"Dopo la riforma di cui all'articolo 13 del decreto legislativo n. 38/2000 non può essere accolto l'orientamento secondo il quale la nozione di danno biologico dettata con riferimento alla tutela previdenziale contro gli infortuni sul lavoro coincida con la nozione privatistica di danno alla salute, in quanto l'intento del legislatore di introdurre un'unica disciplina e quantificazione del danno biologico sia a fini indennitari che a fini risarcitori dovrebbe risultare in modo assolutamente inequivoco e tale volontà non traspare dalla normativa. La norma previdenziale in esame prevede la corresponsione di un minimum sociale garantito nelle ipotesi in cui non sia ravvisabile la colpa di alcuno e per questo motivo attraverso la copertura sociale si indennizza, ma non si risarcisce integralmente.
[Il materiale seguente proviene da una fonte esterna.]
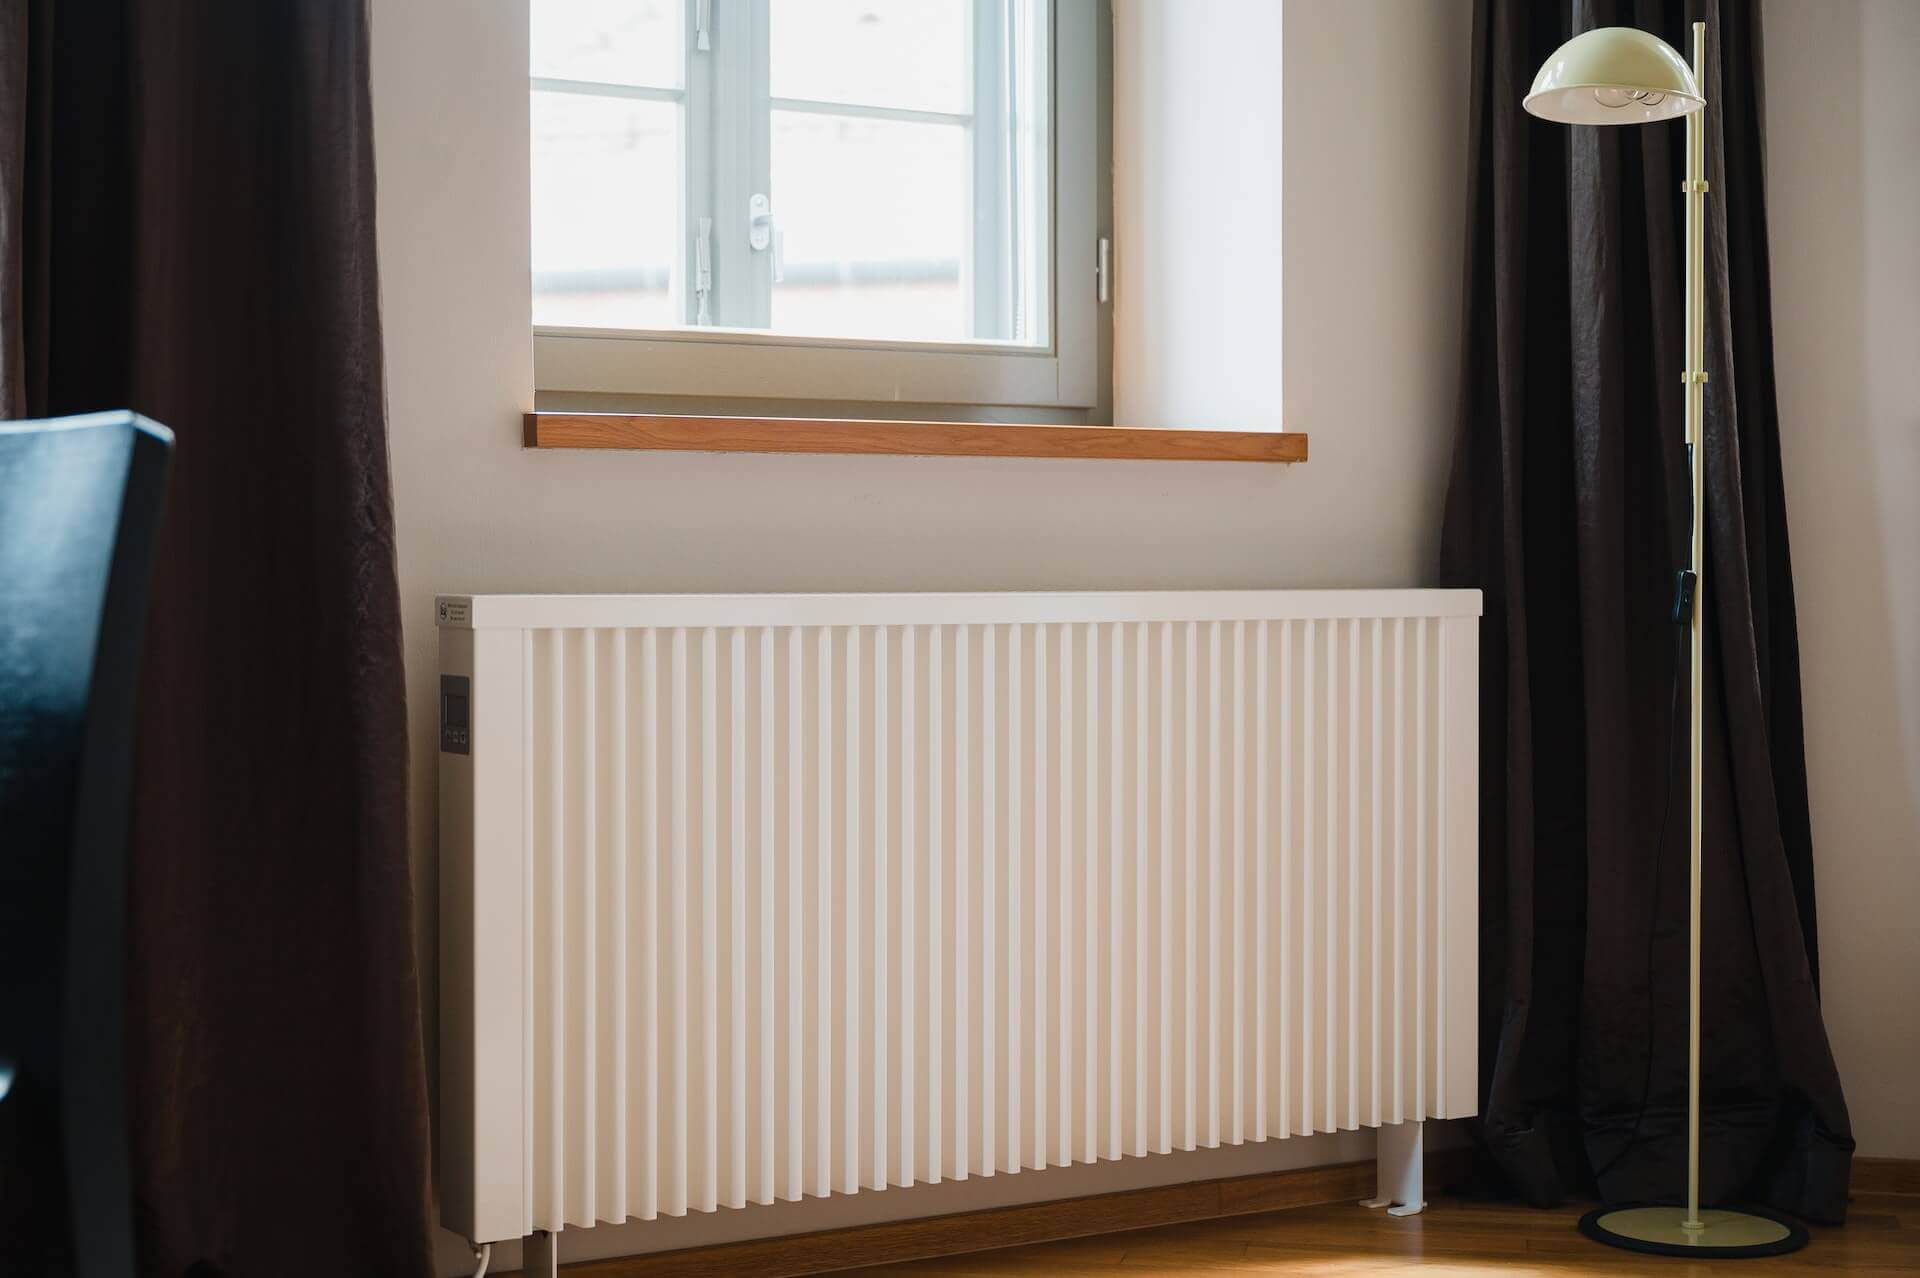 radiator under the window with curtains

Ne consegue che sulla base di tale normativa e in considerazione della diversa natura delle prestazioni previdenziali Inail, in caso di infortunio sul lavoro rispetto al risarcimento del danno dell'infortunato, spetta a quest'ultimo il diritto di agire in giudizio onde ottenere il risarcimento del danno c.d. differenziale dal datore di lavoro in relazione all'ipotesi in cui l'ammontare del danno, liquidato secondo gli ordinari criteri civilistici, ascenda ad una somma di importo superiore all'indennità una tantum od al valore capitale della rendita erogata dall'Inail. In questo caso, per procedere al calcolo del danno differenziale, occorre procedere alla determinazione del danno secondo i criteri civilistici, per poi effettuare un raffronto fra l'importo che ne risulta e l'ammontare delle prestazioni erogate dall'Inail, riconoscendo in favore del lavoratore l'eventuale differenza. Tuttavia, per le ipotesi di invalidità pari o superiore al 16%, in cui l'Inail eroga una rendita riferita per una quota al danno biologico e per l'altra alle conseguenze patrimoniali dell'inabilità permanente, il raffronto deve essere operato non posta per posta, ma avuto riguardo all'ammontare complessivo dei rispettivi ristori, esatto il disposto dei commi 6° e 7° dell'art. 10 del DPR n. 1124/1965 (v. Cass. n. 10035 del 25.5.2004) e considerato inoltre che una diversa soluzione è suscettibile di comportare un ristoro superiore all'ammontare del danno effettivamente patito".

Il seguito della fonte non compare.